En su libro inédito La ficción de la memoria, una antología de textos críticos sobre la obra
de Juan Rulfo, Federico Campbell ha dicho que el imperativo de algunos autores como el
jalisciense, o como Rimbaud y como muchos otros, ha sido el silencio, aunque de muchas
maneras sigan hablando, en una suerte de estética de la memoria.
Hay memoria y asombro en Campbell pero también melancolía. Hay quienes escriben para
escapar de la locura (como Graham Green), y otros como Campbell para quienes la
melancolía irrumpe al revés, es decir, después del acto de escribir, o durante episodios
prolongados de infecundidad literaria, que en él, como hemos comprobado, nunca lo han
sido. En Pos scriptum triste, ese diario literario de íntimas confesiones anímicas y estéticas,
en donde rescribe, directa e indirectamente, el pasado y presente de su condición
melancólica, ha dicho que la fase última de la melancolía es la muerte en vida, la bestia que
todos llevamos dentro, cuando se va el alma al suelo y se pierde la voluntad, y por eso no se
resiste a citar al Styron de Esa visible oscuridad y los primeros versos de la Divina
Comedia, “A la mitad del camino de la vida, me vi de pronto en una selva oscura”, con lo
que pudo ya decirlo todo.
Claro, cómo ser el mejor en descubrir que en este país no hay policías honestos, no hay
jueces honestos, no hay políticos honestos, ni siquiera democracia honesta. “Nuestra
democracia es muy cara y muy chafa -ha dicho. Se indignan por eso y se indignan porque la
gente no lee, pero ése –dice- no es un problema mío sino de la Secretaría de Educación”.
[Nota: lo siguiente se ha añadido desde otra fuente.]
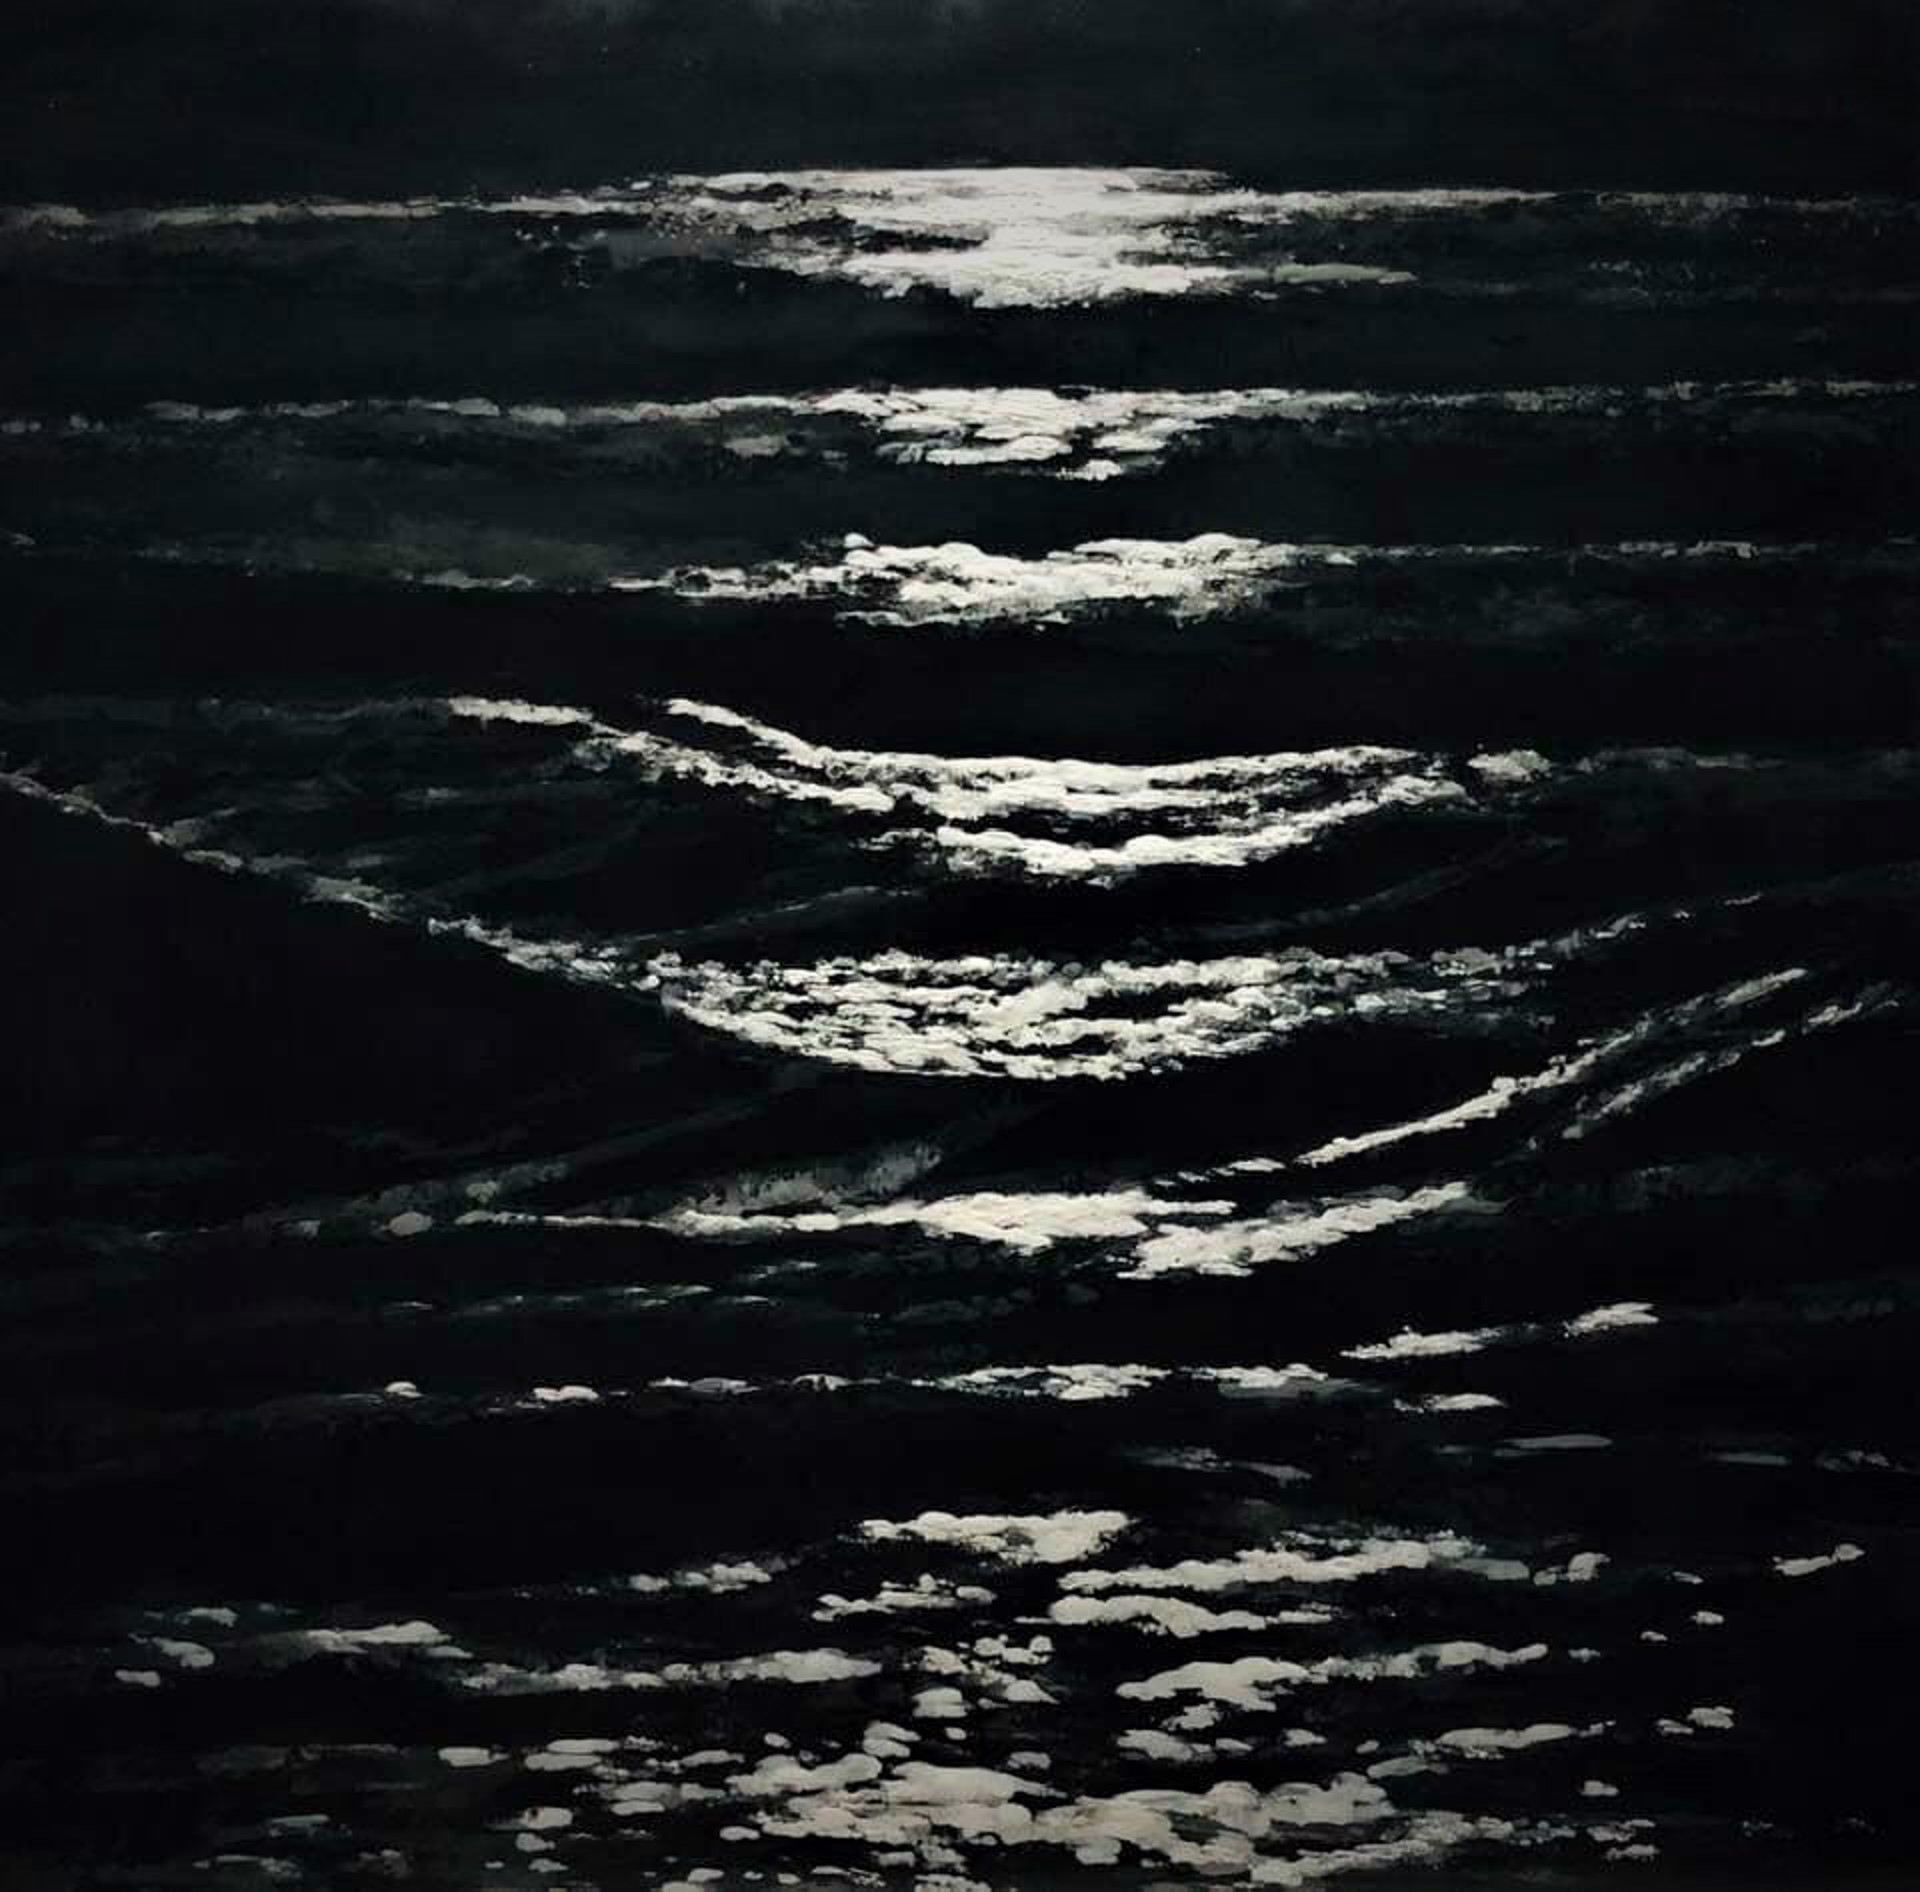 Moonlight Reflection and Waves by Bob Fesser

Federico, el autor de libros de entrevistas como Infame Turba, de libros de ensayos como
La memoria de Sciascia, La invención del poder y Máscara negra, de libros de cuentos
como Tijuanenses, de novelas como Transpeninsular y La clave Morse, de series de
artículos como “La Hora del Lobo” y de inusitadas traducciones de dramas de Harold
Pinter, ha venido a Hermosillo a rec ibir el abrazo de sus amigos.
Por el pudor que puede provocarles la solemnidad de ser “homenajeados”, a los escritores
deberíamos hacerles fiestas, simplemente fiestas. “Invitamos a todos a la fiesta que le
brindaremos al escritor fulano de tal”, rezaría la invitación. Porque ésa sería una manera de
continuar en la vida con el sentido lúdico de la literatura. Y porque la felicidad humana
tiene forma y contenido de fiesta, sentido de fiesta, sudor de fiesta.
Para expresar con humor su arraigo y su amor a Sonora, Federico ha dicho que si fuera
coreano sería sonorense, y es que nació en Tijuana pero fue concebido en Sonora, y para
cierta corriente de la cultura coreana uno es del lugar donde fue concebido, y no de donde
nació. Pero nosotros le decimos que es sonorense aunque no sea coreano, es sonorense
simplemente porque es nuestro.
Convirtamos, pues, este homenaje en una fiesta, y esta fiesta en una danza de palabras.